Unas palabras de este libro servirán para apreciar la calidad de la preciosa amistad que los unía:
«Quien esta noche me obsesiona la memoria tiene cincuenta años. Está enfermo. Y es judío. ¿Cómo sobrevivirá al terror alemán? Para imaginarme que todavía respira tengo que creer que, refugiado en secreto por la hermosa muralla de silencio de los campesinos de su aldea, el invasor lo ha ignorado. Solamente entonces creo que todavía vive. Solamente entonces
deambular a lo lejos en el imperio de su amistad –que no tiene fronteras– me permite no sentirme emigrante, sino viajero. Pues el desierto no está allí donde uno cree».
«Amigo mío, tengo necesidad de ti como de una cumbre donde se puede respirar. Tengo necesidad de acodarme junto a ti, una vez más a orillas del Saona, sobre la mesa de una pequeña hostería de tablones desunidos, y de invitar allí a dos marineros en cuya compañía brindaremos en la paz de una sonrisa semejante al día. Si todavía combato, combatiré un poco por ti. Tengo necesidad de ti para creer mejor en el advenimiento de esa sonrisa. Tengo necesidad de ayudarte a vivir».
«Junto a ti no tengo ya que disculparme, no tengo que defenderme, no tengo que probar nada. Como en Tournus, hallo la paz. Más allá de mis palabras torpes, más allá de los razonamientos que me pueden engañar, tú consideras en mí simplemente al Hombre, tú honras en mí al embajador de creencias, de costumbres, de amores particulares. Si difiero de ti, lejos de menoscabarte, te engrandezco. Me interrogas como se interroga al viajero».
Léon Werth también pensaba en Saint-Exupéry y
desde su refugio escribió un diario en el que lo recuerda incesantemente. Pero Saint-Exupéry nunca pudo leer estas palabras. En 1944 regresó a Europa para volar con las Fuerzas Francesas Libres y participar con los aliados en una unidad de reconocimiento fotográfico. El 31 de julio de 1944 partió en una misión de reconocimiento y su avión fue derribado por los alemanes.

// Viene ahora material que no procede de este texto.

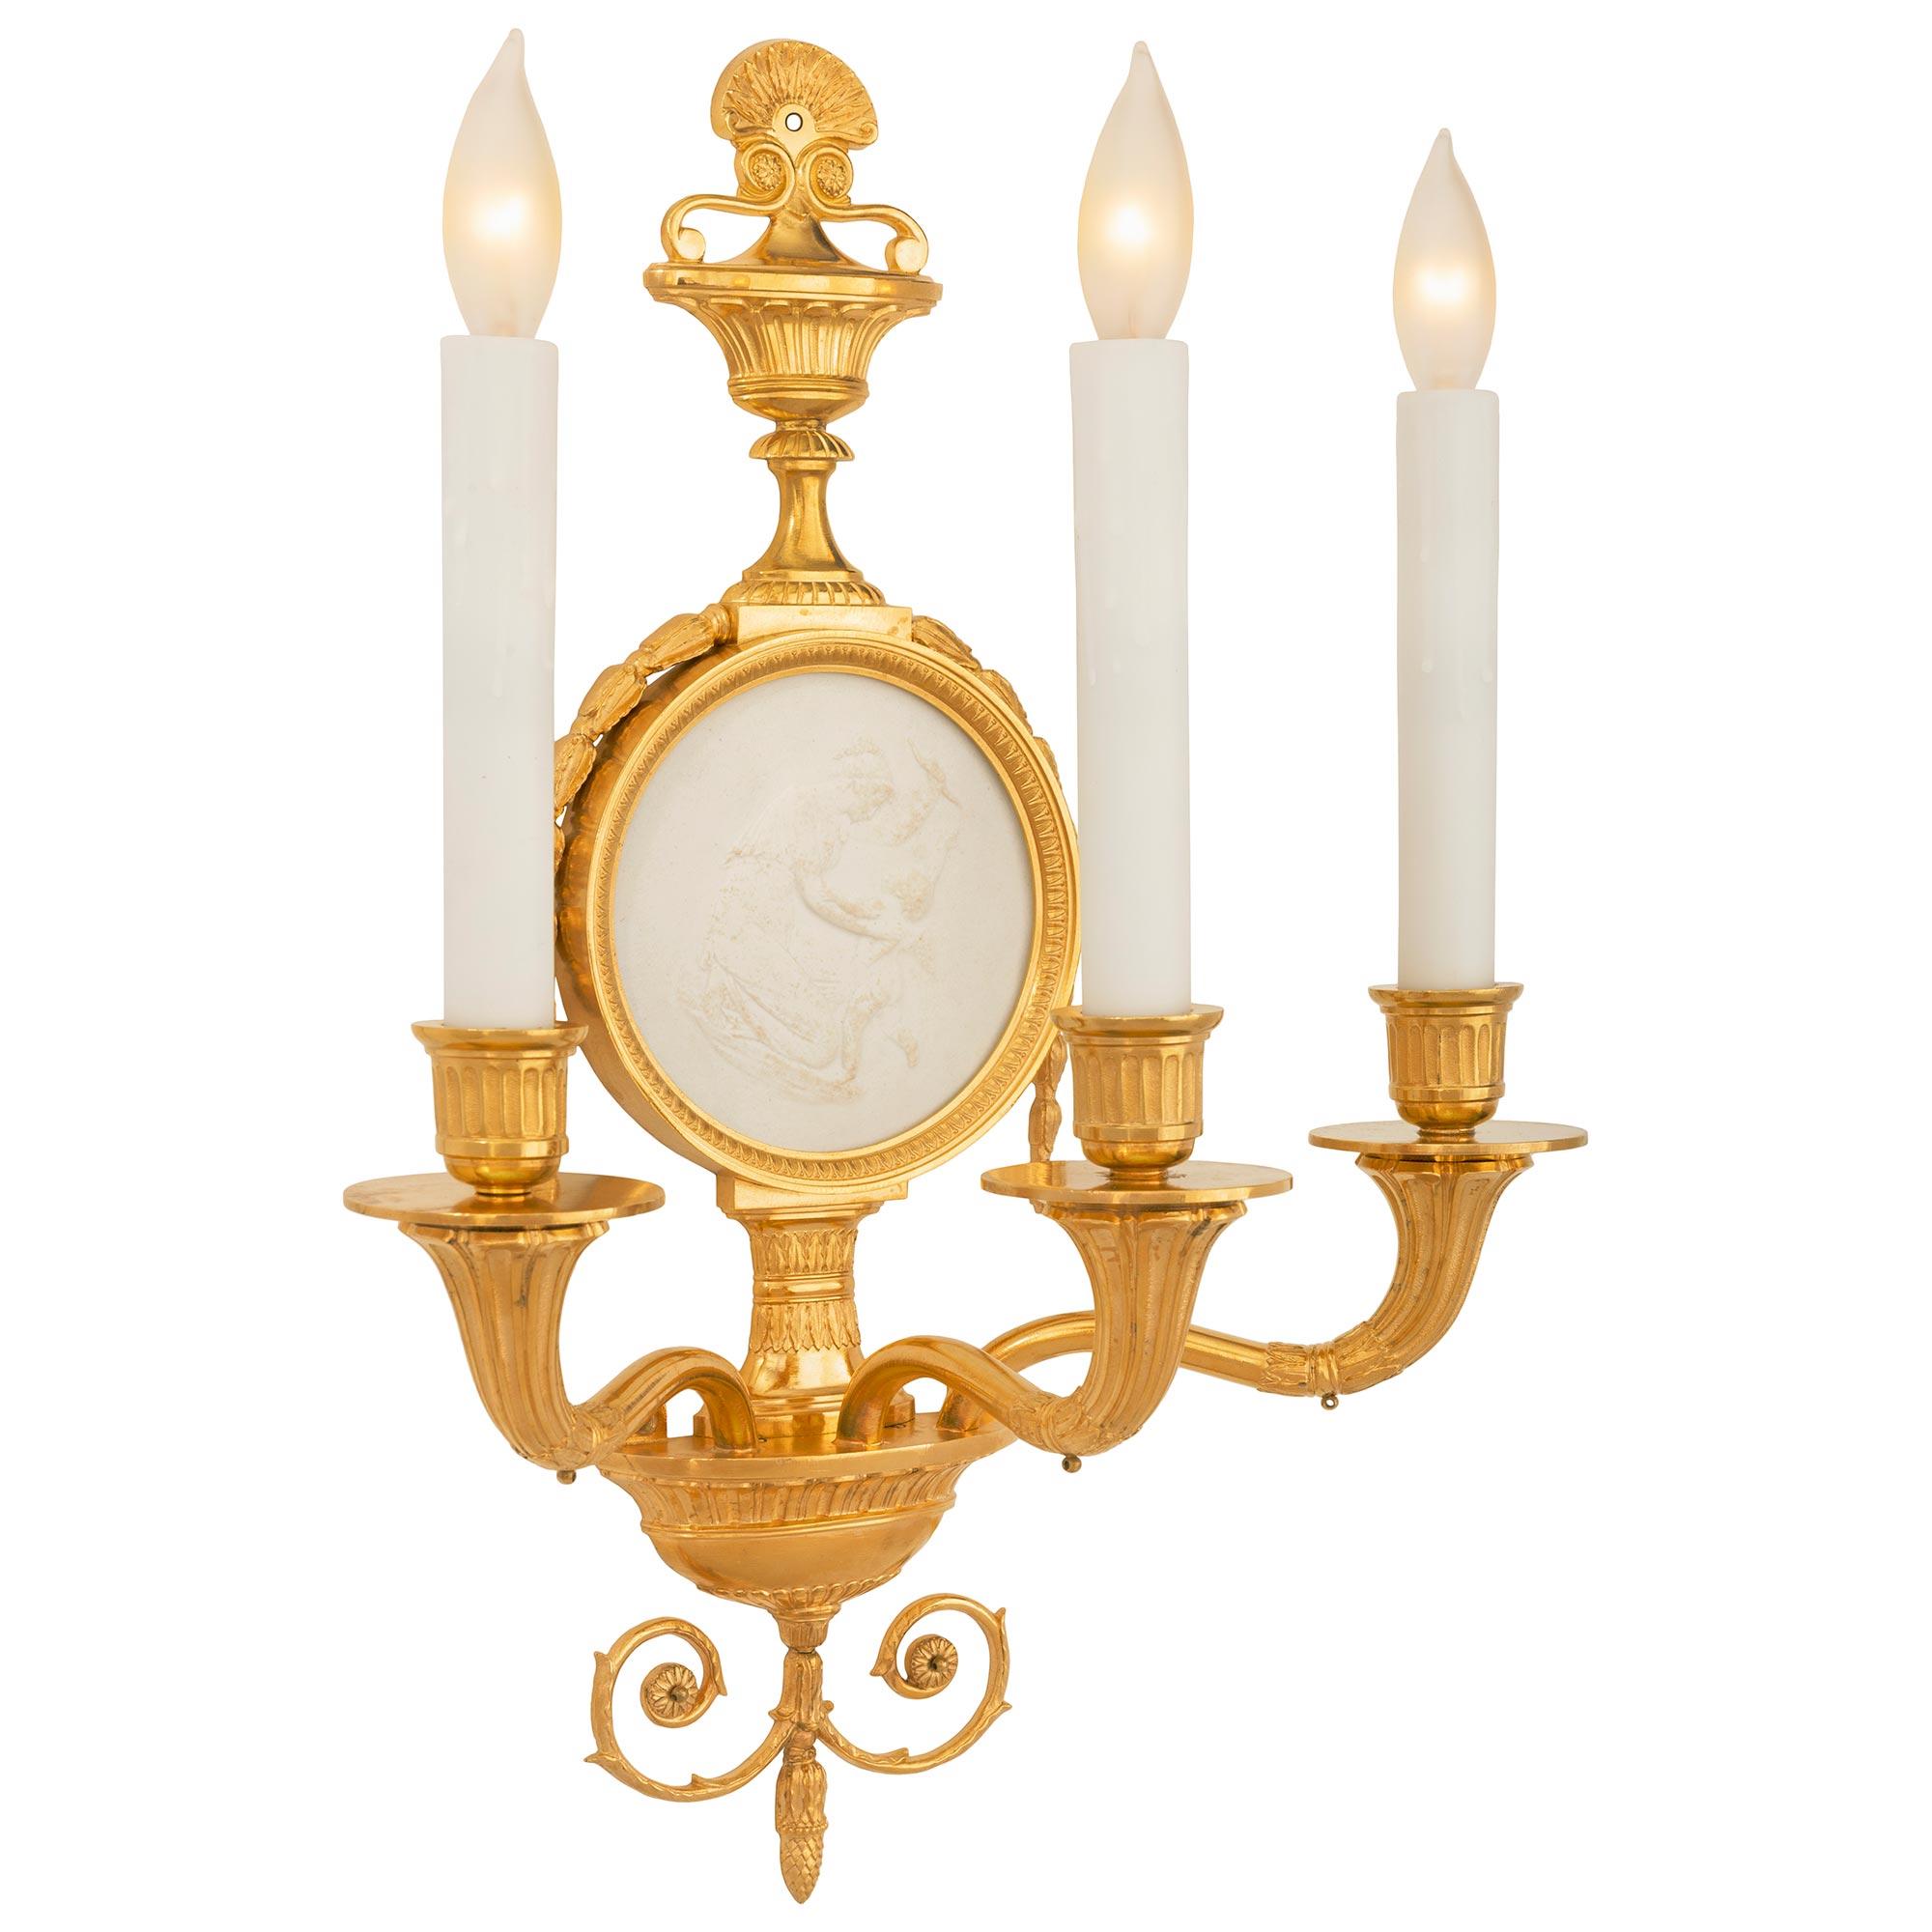 A beautiful and most elegant true pair of French 19th century Neo-Classical st. Biscuit de Sèvres Porcelain and ormolu sconces. Each three arm sconce is centered by fine bottom elongated acorn finials below most decorative scrolled foliate Rinceau
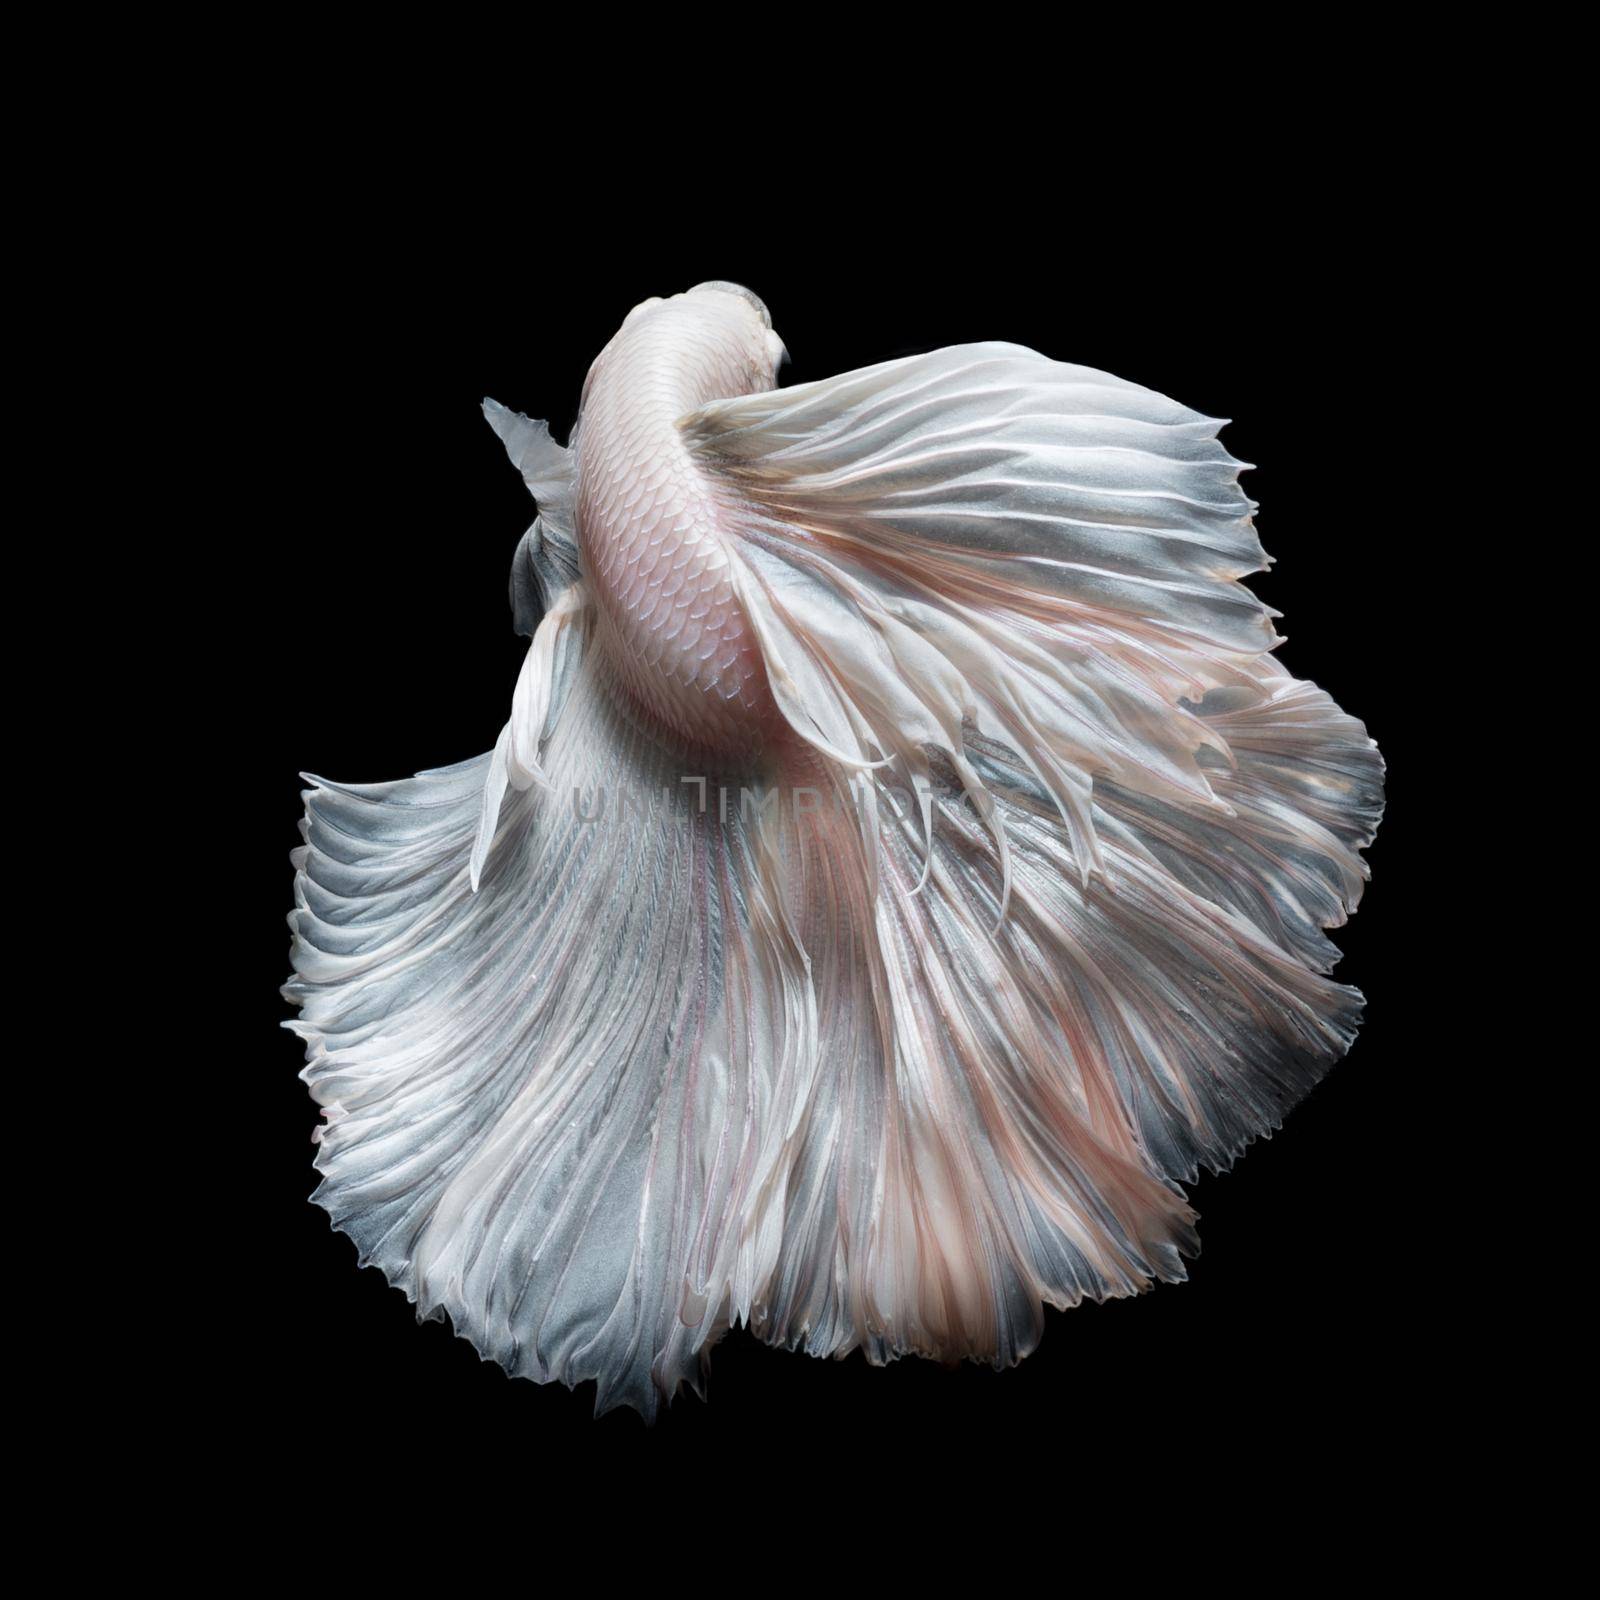 Betta fish,Siamese fighting fish in movement isolated on black background. by Nuamfolio

Más adelante, Léon Werth reunió estos escritos junto con las cartas que ambos se enviaron en un libro con el que quiso homenajear a su amigo: Saint-Exupéry tal como yo lo conocí. Si hemos comenzado esta historia con una dedicatoria, nada mejor que terminarla con las palabras que Léon Werth dedicó a su amigo:
«No hay amistad si el amigo no acepta al amigo tal cual él es. No hay amistad sin la aceptación de uno mismo».